-- Your instructions --
A faithful copy of the data below is required, leaving out every picture.

-- Given material --
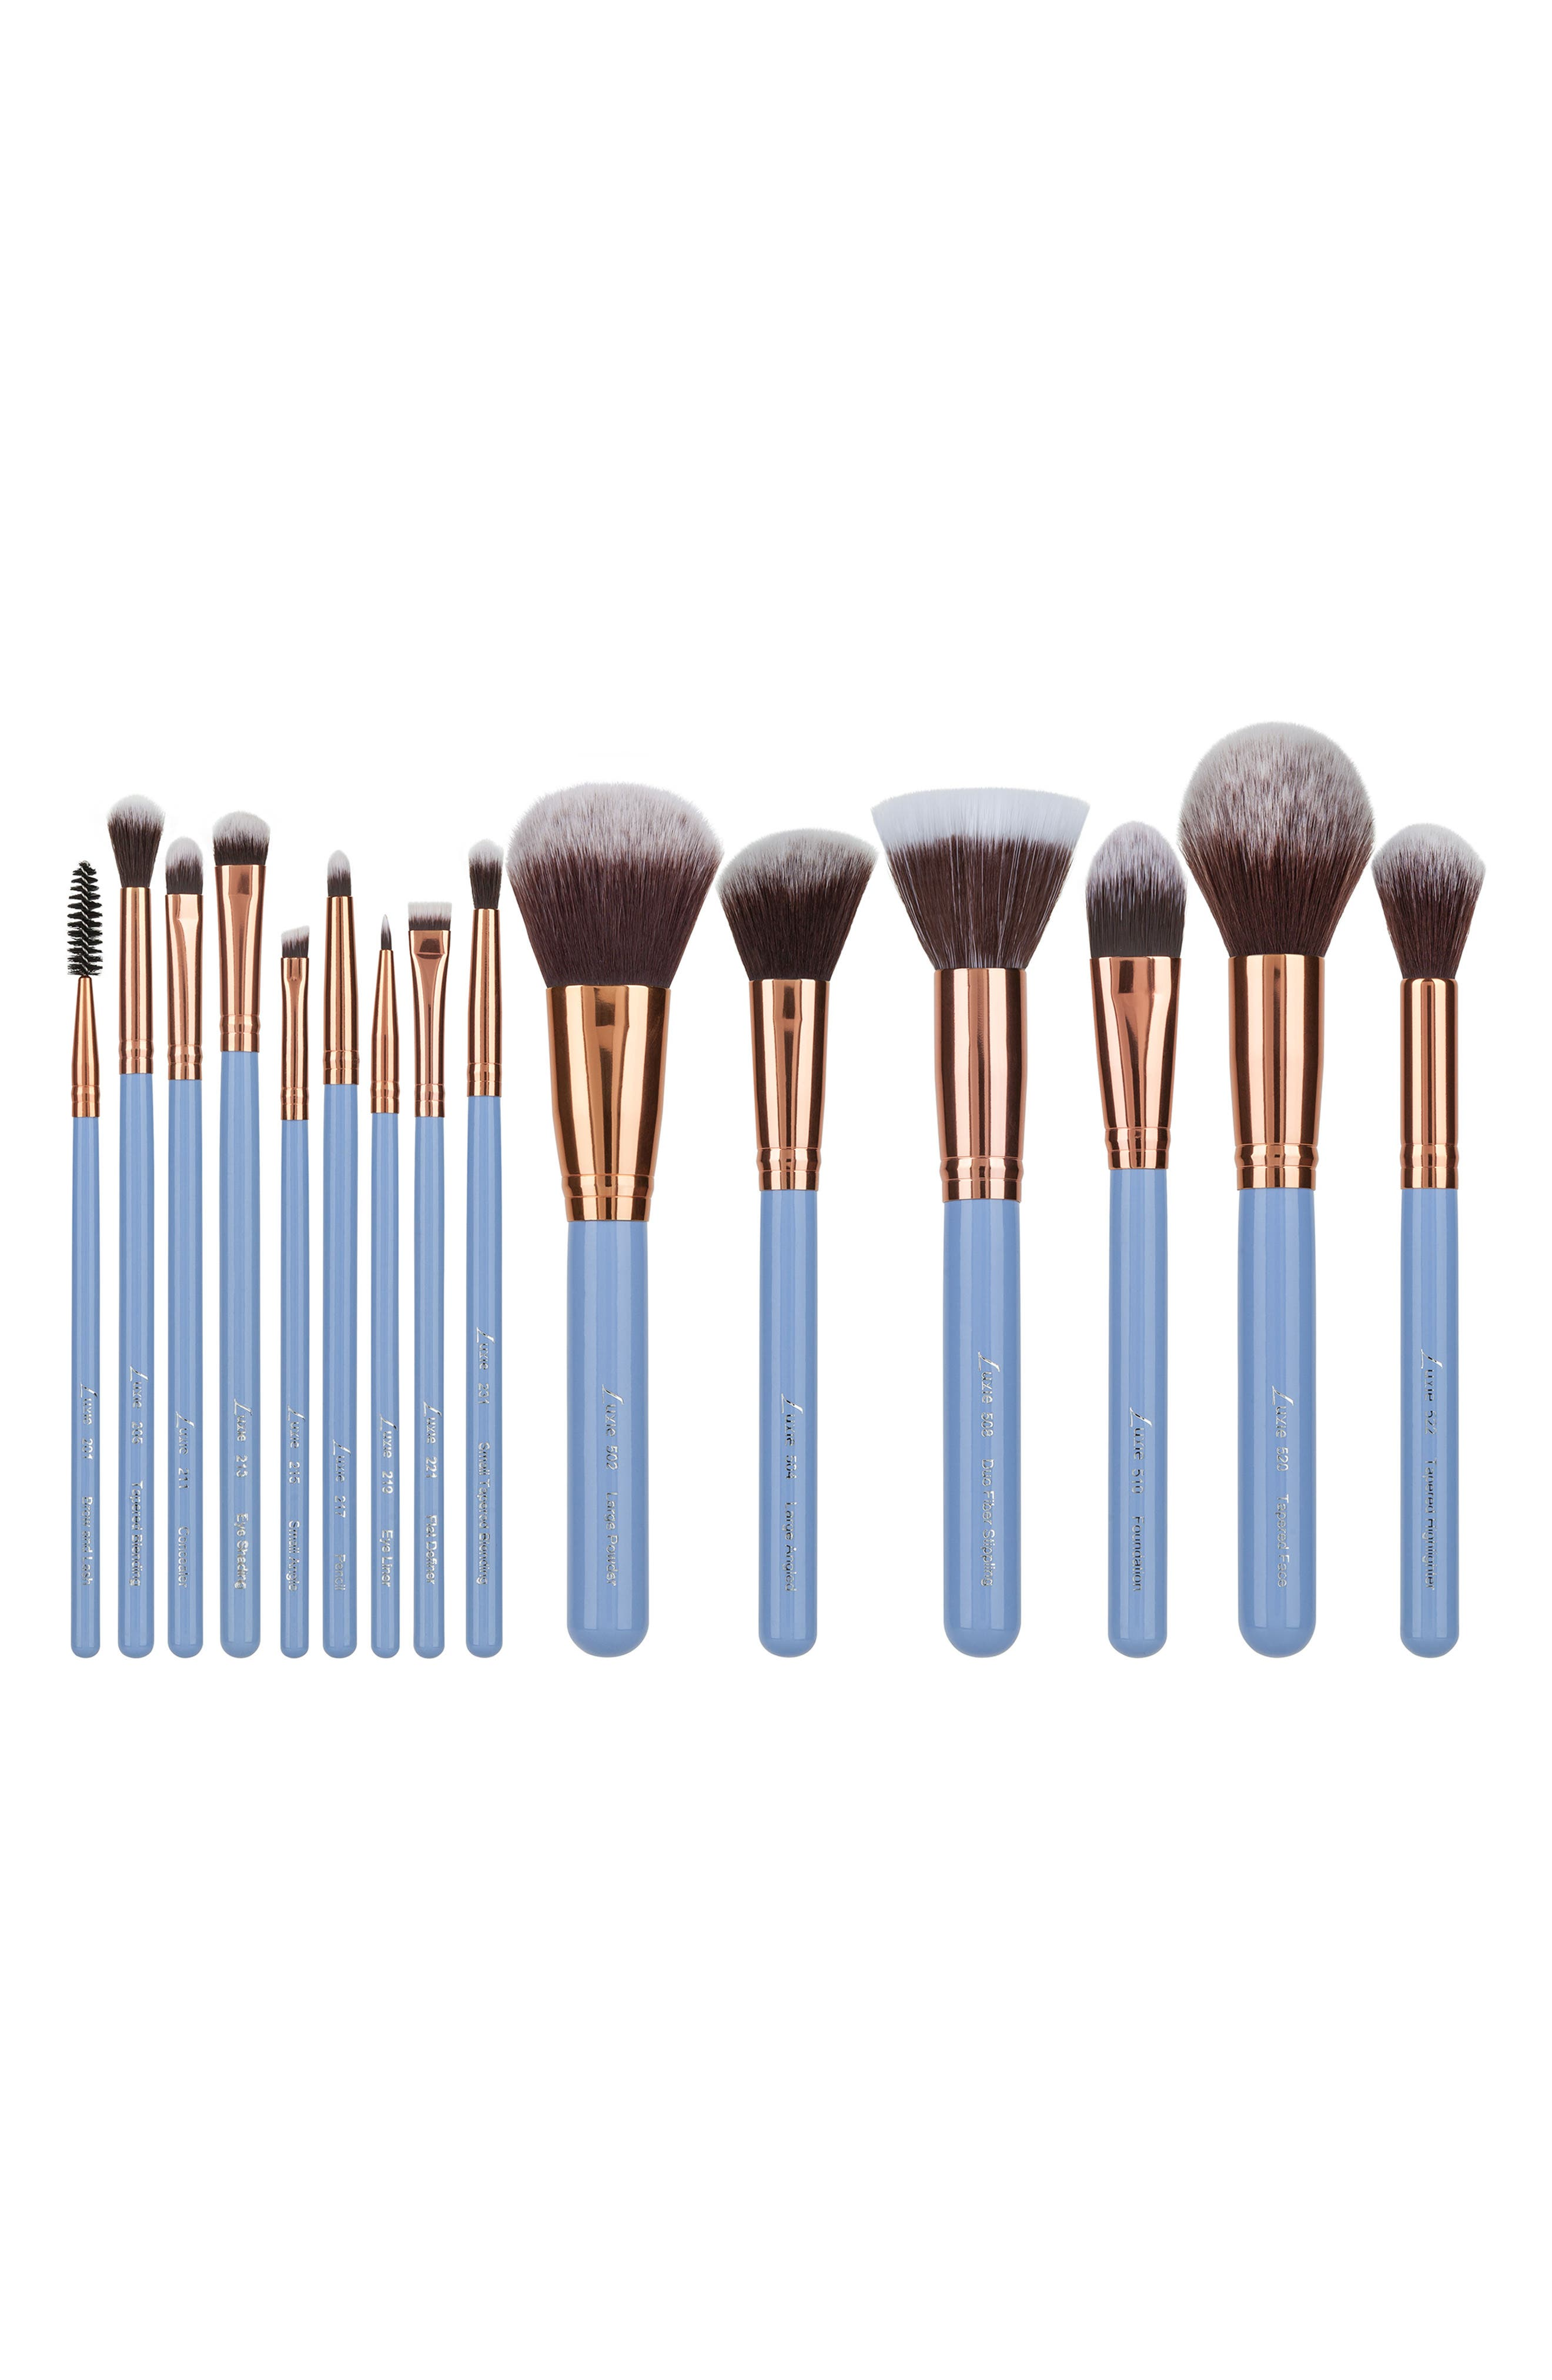 Dreamcatcher Makeup Brush Collection,                             Alternate thumbnail 2, color,                             No Color
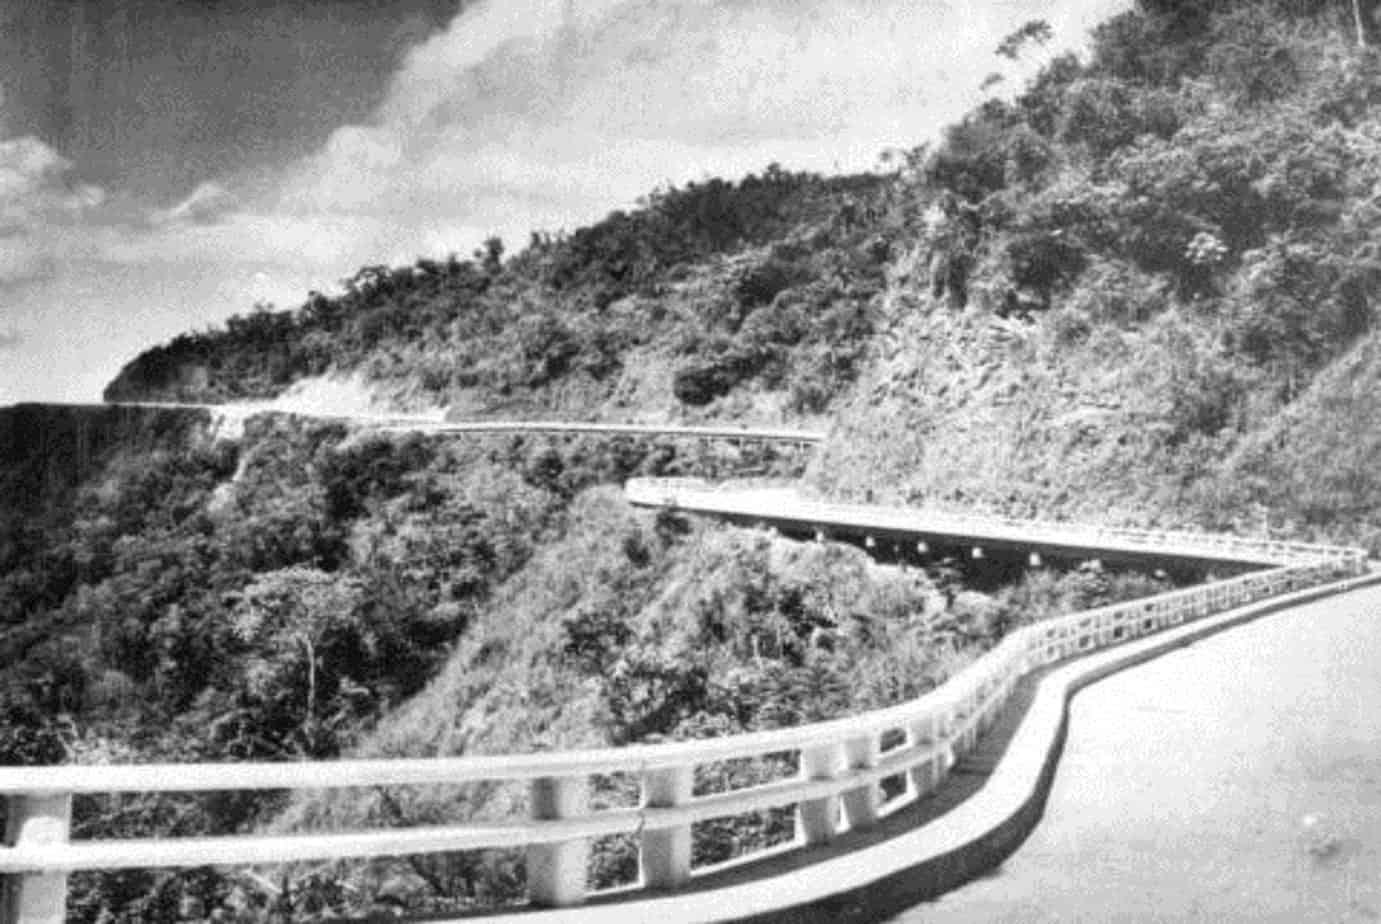 Las 7 Maravillas de la ingeniería civil cubana  Viaducto La Farola ... c8aab79695a
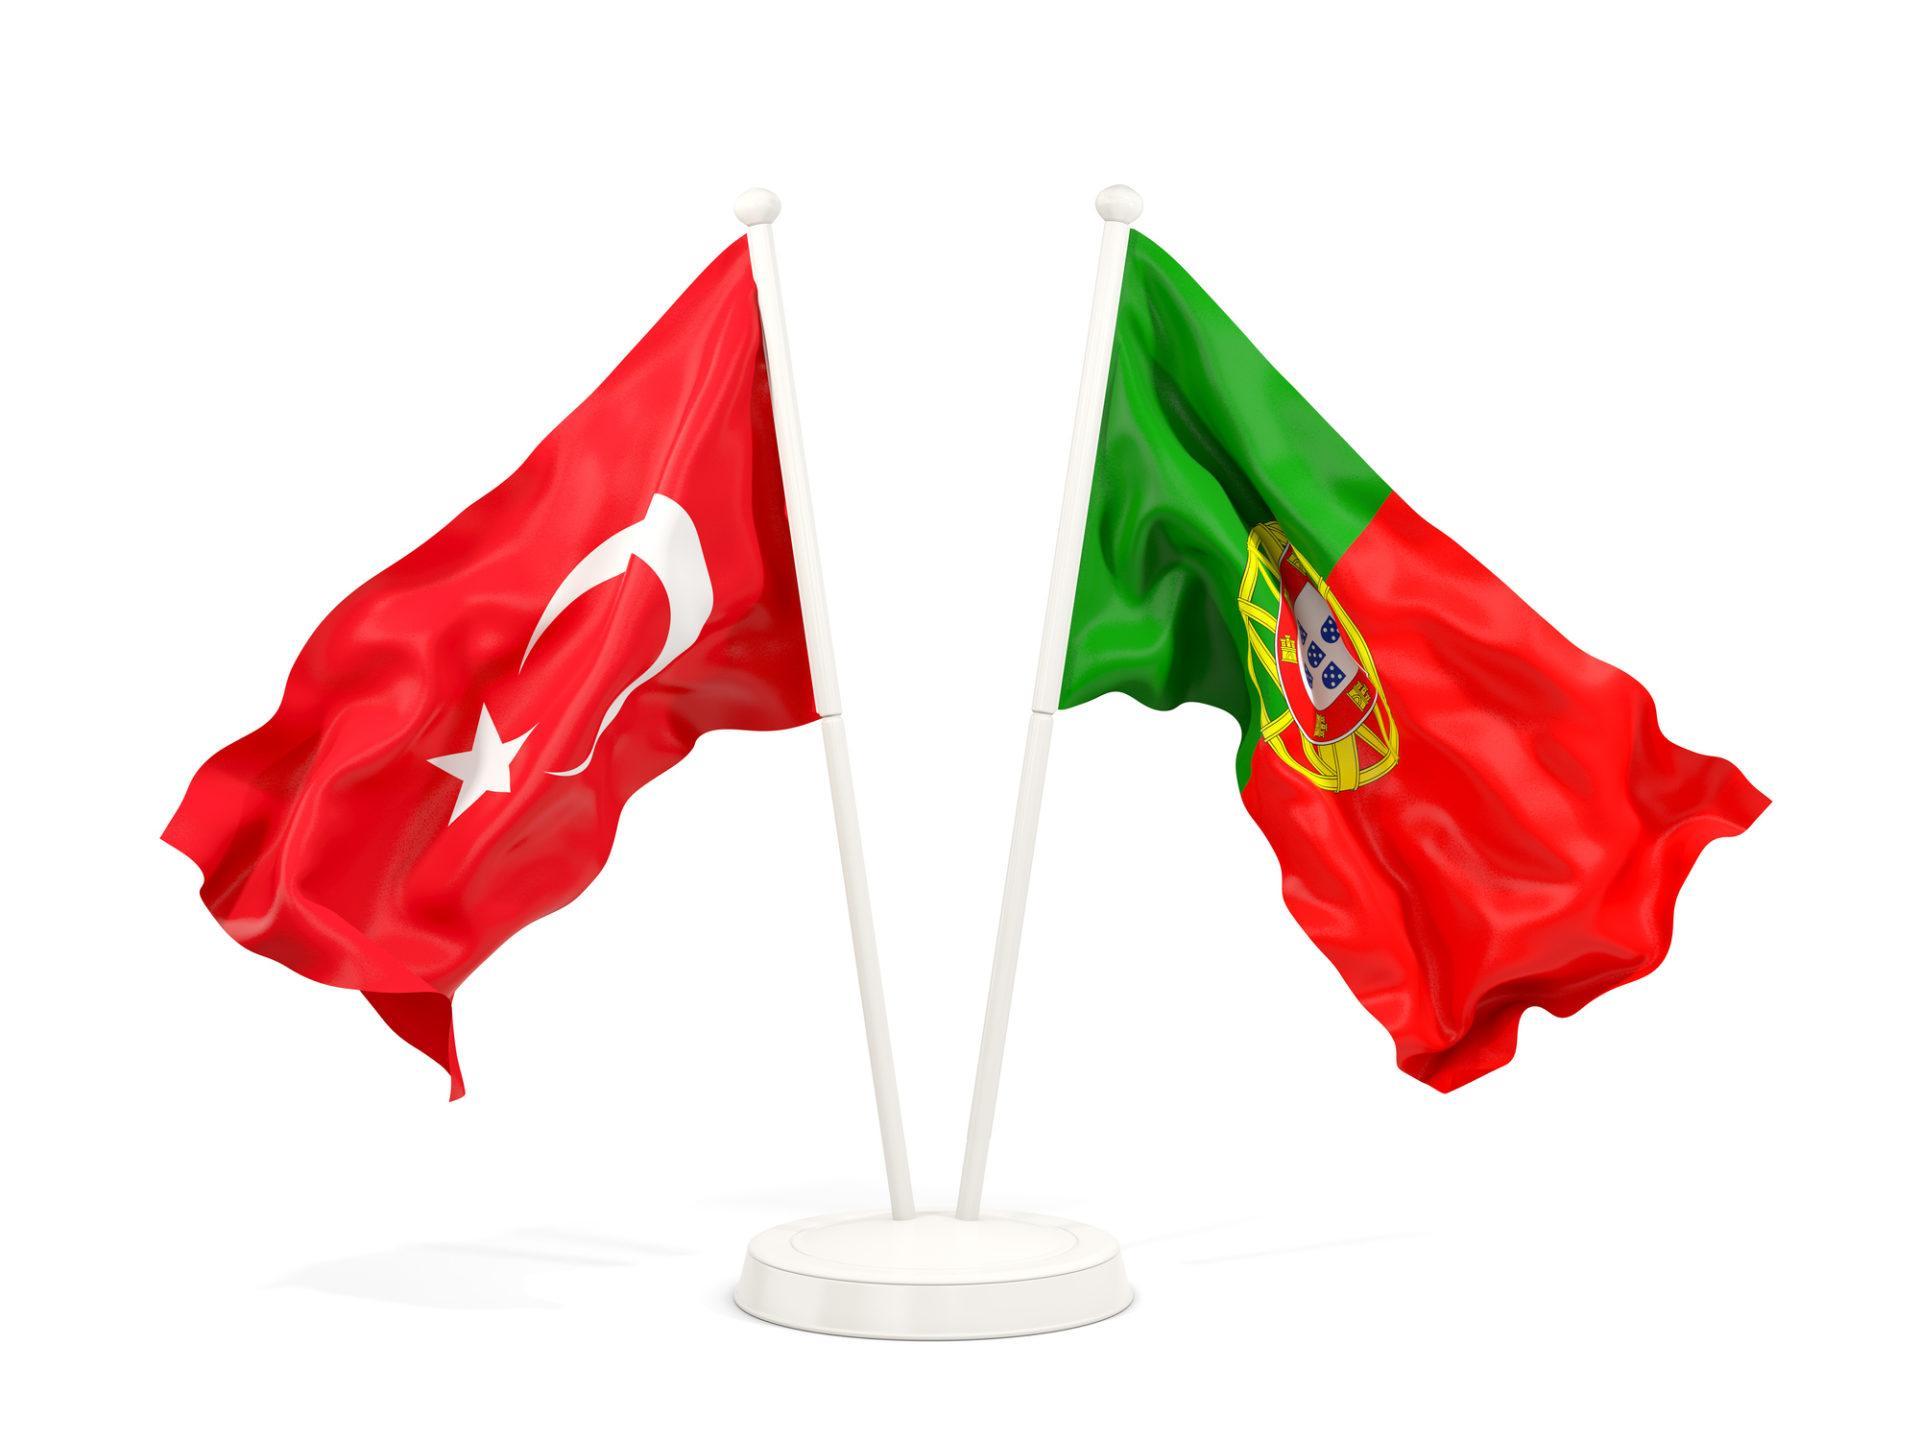 דרכון פורטוגלי ליוצאי טורקיה – כל מה שצריך לדעת!

-- Task solution --
 Dreamcatcher Makeup Brush Collection,                             Alternate thumbnail 2, color,                             No Color
 Las 7 Maravillas de la ingeniería civil cubana  Viaducto La Farola ... c8aab79695a
 דרכון פורטוגלי ליוצאי טורקיה – כל מה שצריך לדעת!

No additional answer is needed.